● **THE TASK**: In the entries below, find the line with "A white baseball cap with the phrase" and the line with "Edad Media IX - Las tres culturas"; reproduce those two lines and all lines between them exactly, without pictures.
[SUPPLIED ENTRIES — start]
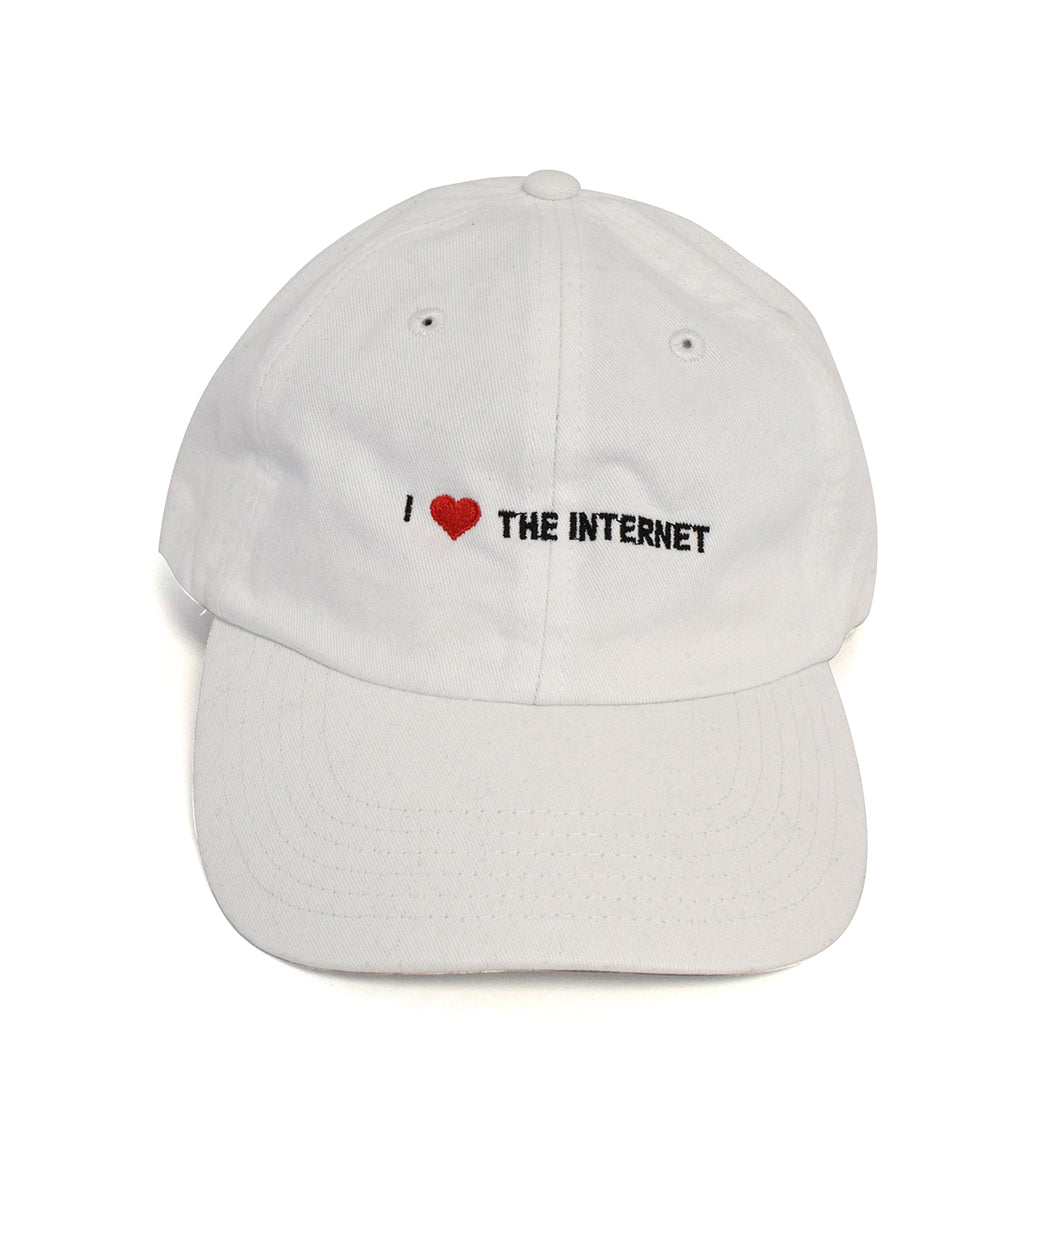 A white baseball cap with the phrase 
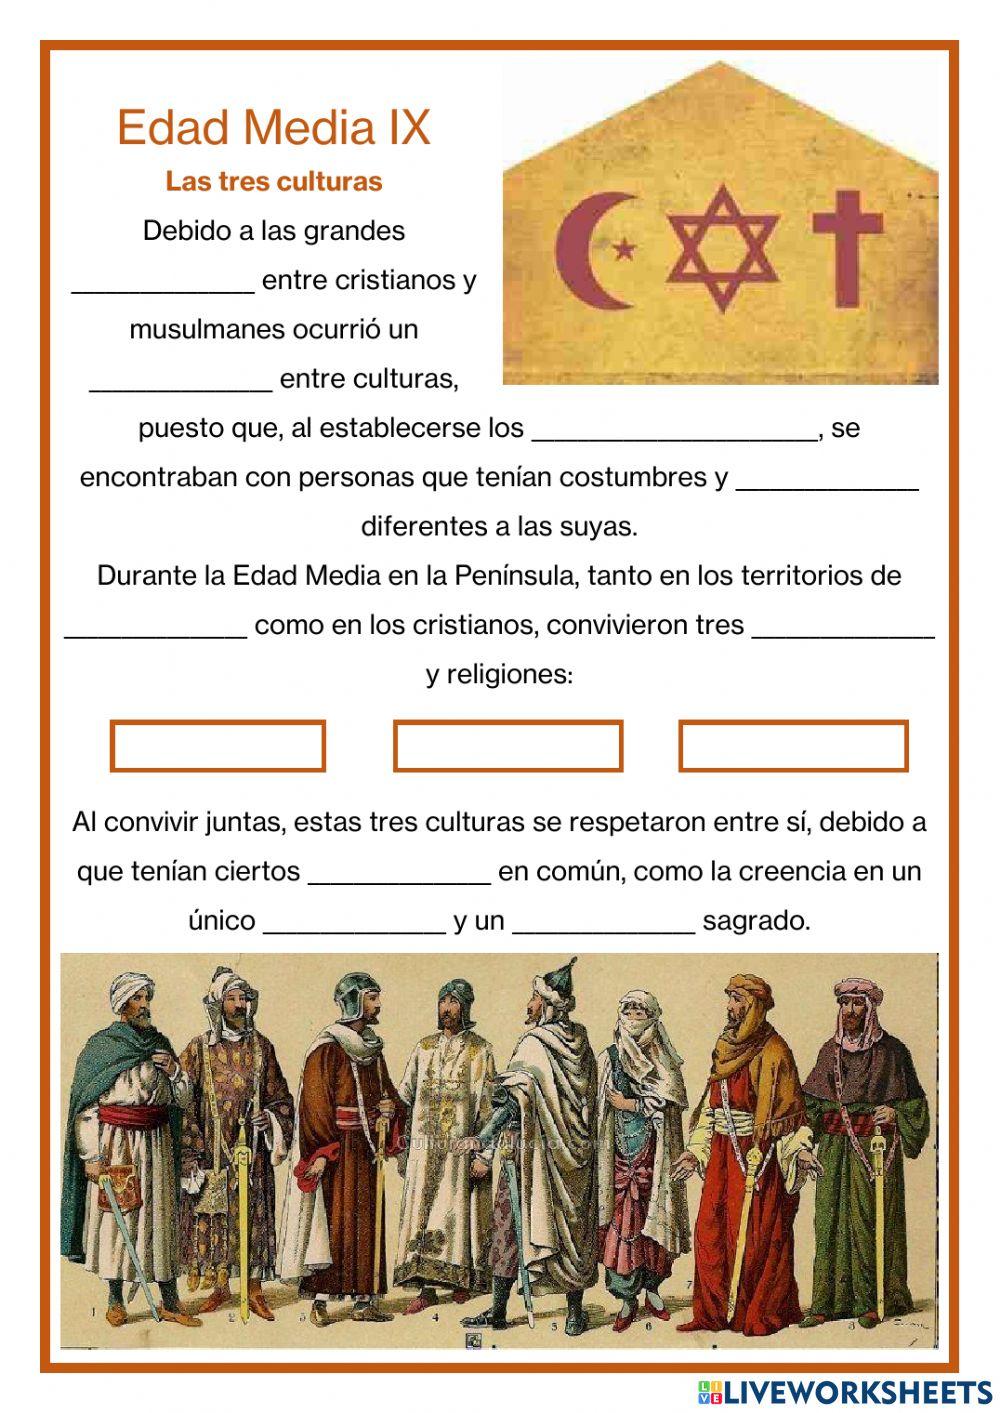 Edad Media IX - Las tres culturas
[SUPPLIED ENTRIES — finish]
[SUPPLIED ENTRIES — start]
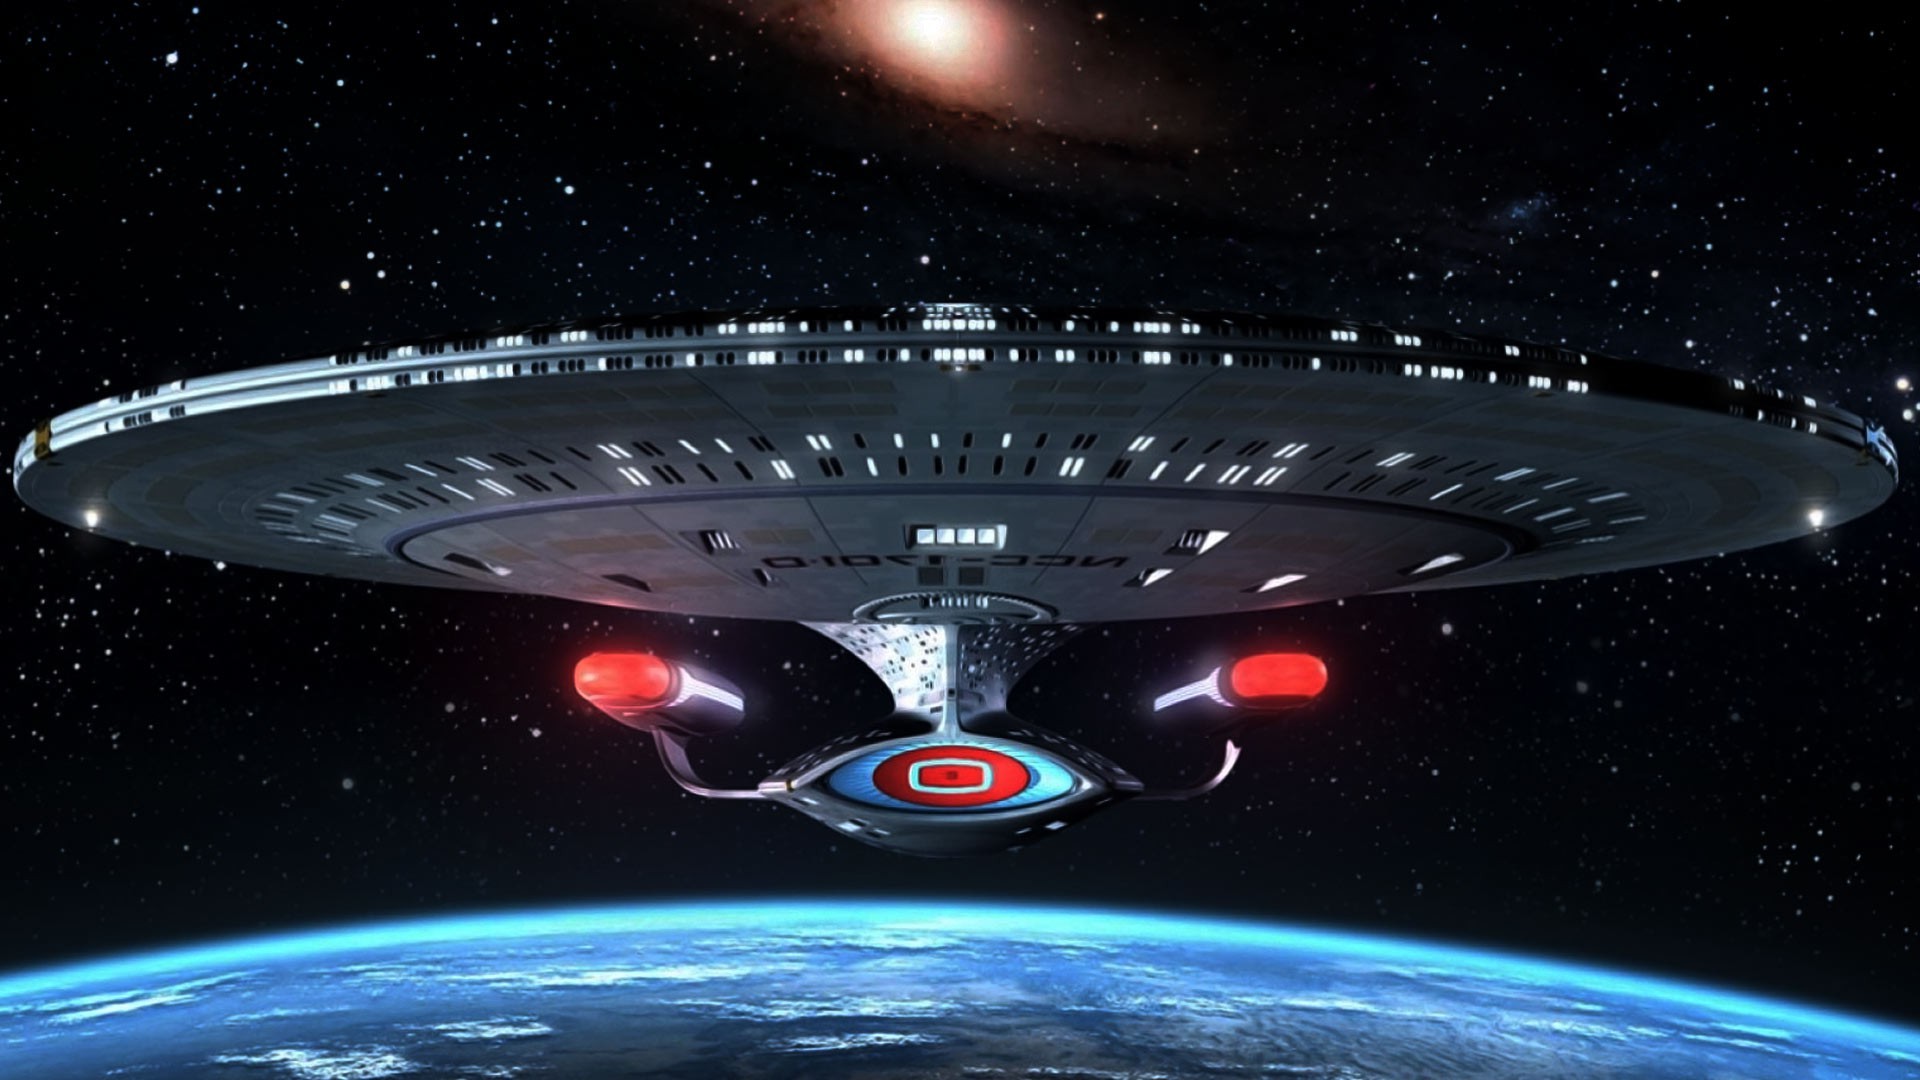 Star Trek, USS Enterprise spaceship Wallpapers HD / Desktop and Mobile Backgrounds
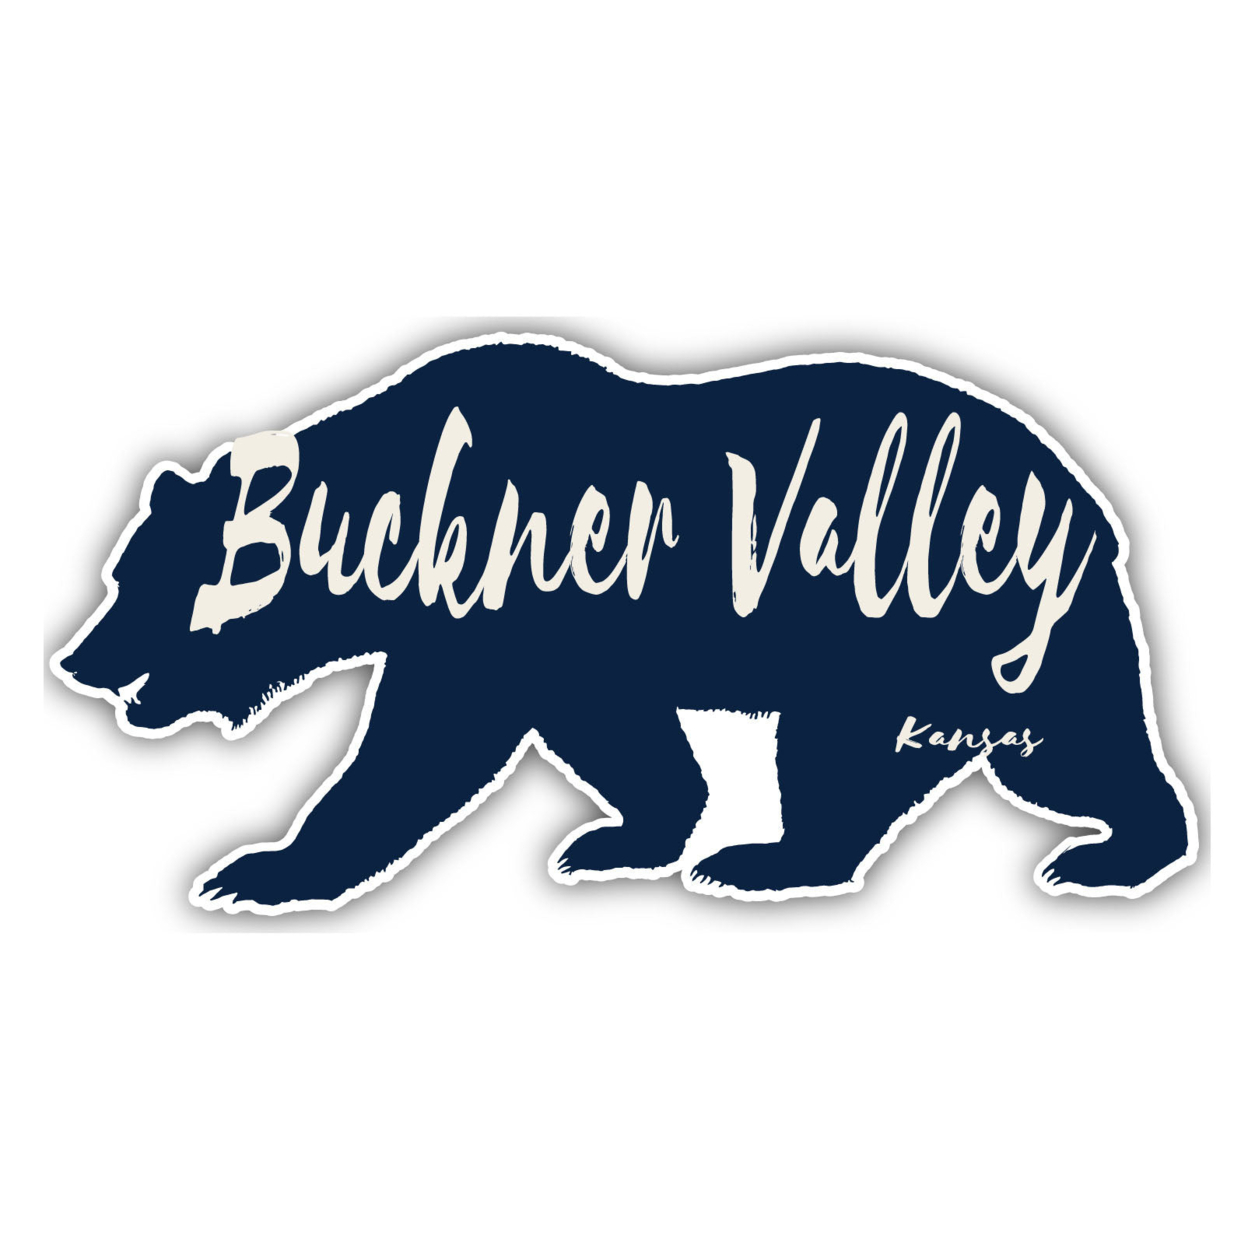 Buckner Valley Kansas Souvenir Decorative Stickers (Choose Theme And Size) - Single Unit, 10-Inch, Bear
[SUPPLIED ENTRIES — finish]
● **TASK RESPONSE**:
 A white baseball cap with the phrase 
 Edad Media IX - Las tres culturas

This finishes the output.